PauliString / PauliSum
Cirq’s representation for Pauli operators and Hamiltonians. A PauliString is a tensor product of single-qubit Paulis with a coefficient; a PauliSum is a weighted sum of these. Both are the input format for expectation-value calculations and many algorithm libraries.
PhasedXZGate
A hardware-native parameterised single-qubit gate (cirq.PhasedXZGate) that encapsulates the most general single-qubit unitary in a form Google’s hardware can execute directly. Important when targeting Sycamore-class devices, where decomposing into hardware-native gates produces shallower, lower-noise circuits.
Decomposition
Expressing a gate or operation in terms of other, lower-level gates, for example, decomposing a Toffoli into one- and two-qubit gates from a hardware basis set. Decomposition is how Cirq compiles arbitrary unitaries down to what a target device can run.
Transformer
Cirq’s circuit-rewriting and optimization API. Transformers (cirq.transformers) include passes for merging gates, dropping negligible operations, aligning operations into Moments, and applying device-specific optimisations. They are the modern replacement for the older optimizer abstraction.
Device
An object that describes a hardware target’s constraints, its supported gate set, qubit grid, allowed two-qubit interactions, and timing. Validating a circuit against a Device tells you whether it will run on the actual hardware before you submit it.
Engine
cirq_google.Engine is the client interface for Google Quantum AI’s cloud service, used to submit jobs to Sycamore-class hardware and receive results.

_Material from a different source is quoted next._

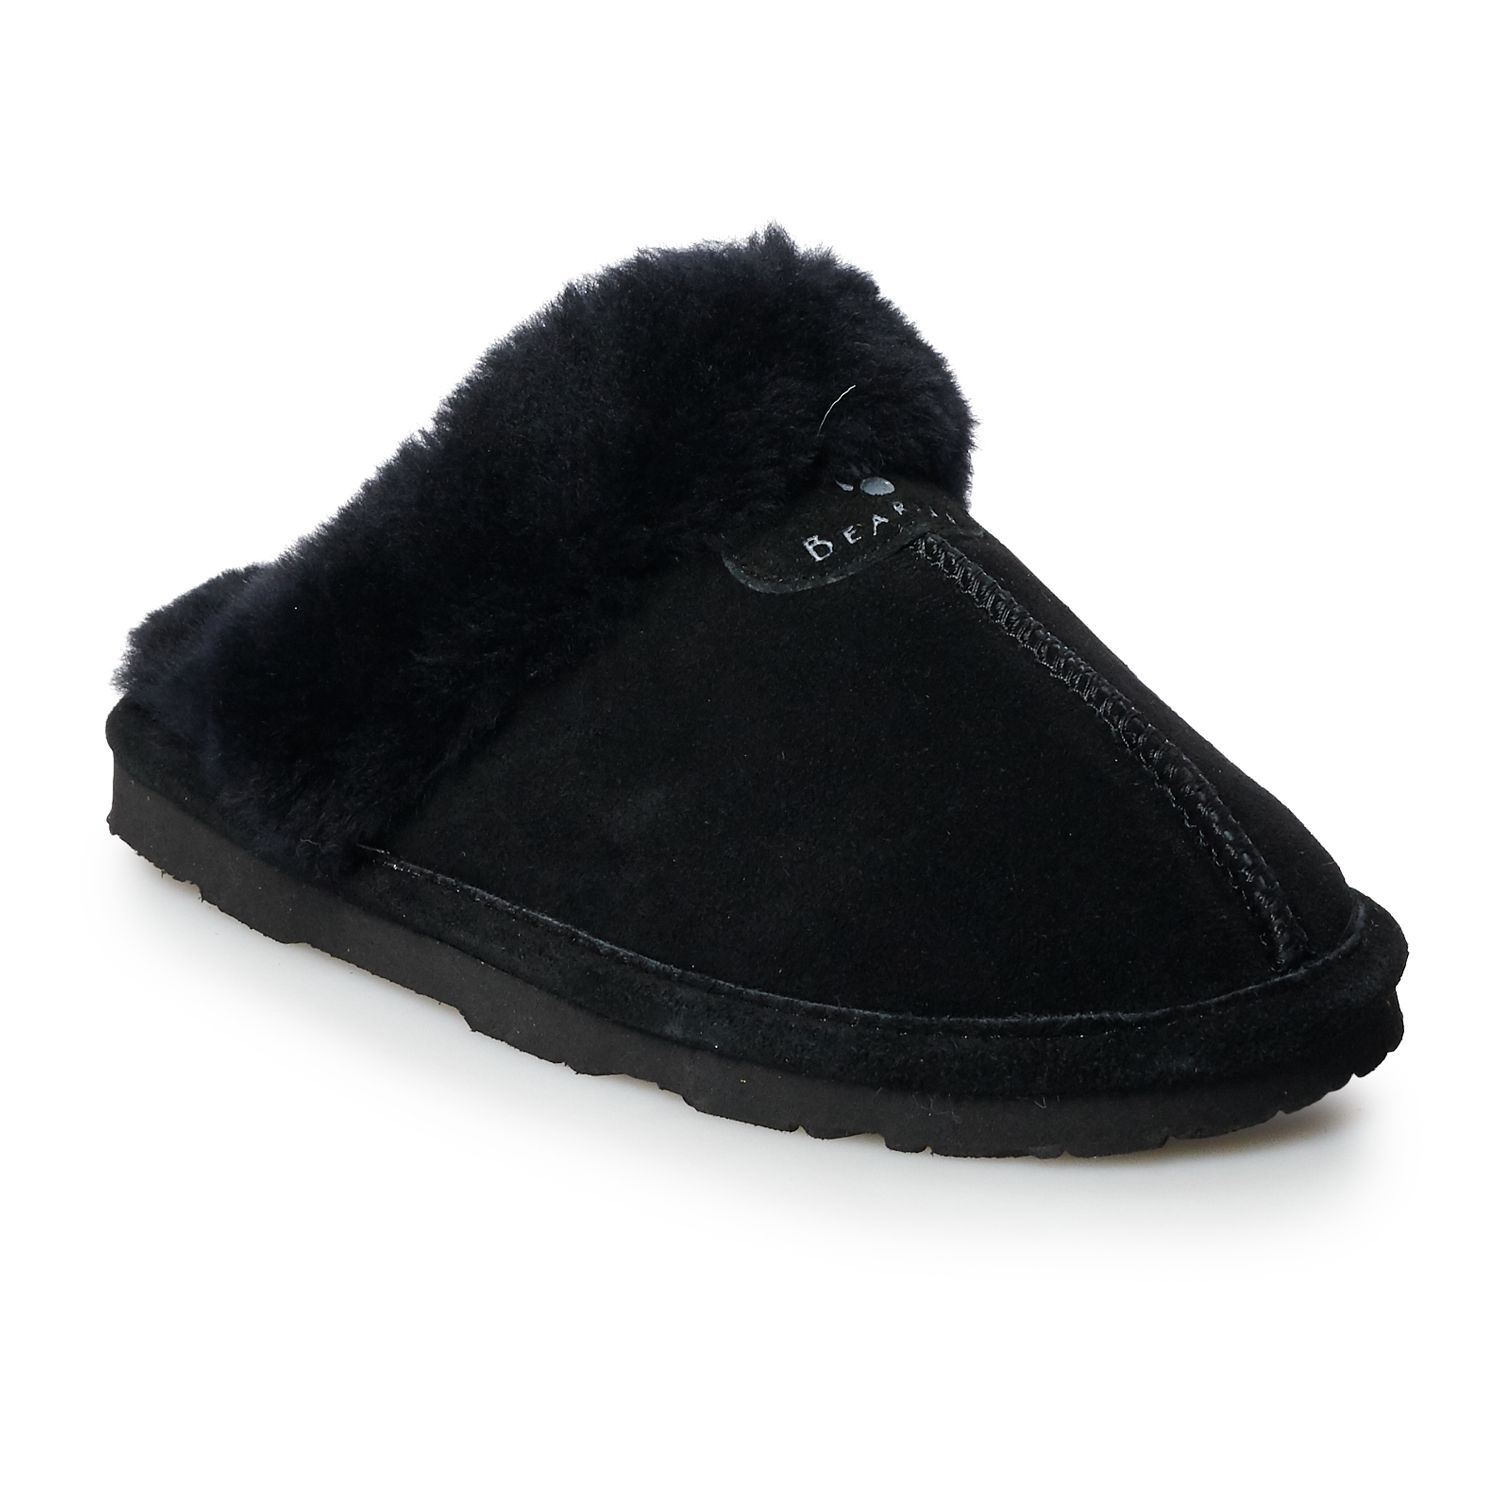 womens slipper boots black

Engine handles authentication, project scoping, processor selection, and job lifecycle management.
Cirq-FT
cirq-ft is Cirq’s fault-tolerant quantum computing extension, providing primitives, Bloqs, T-gate accounting, and resource estimation, for designing algorithms that will run on future error-corrected hardware. It is the preferred toolkit for anyone working on resource-estimating large-scale quantum algorithms.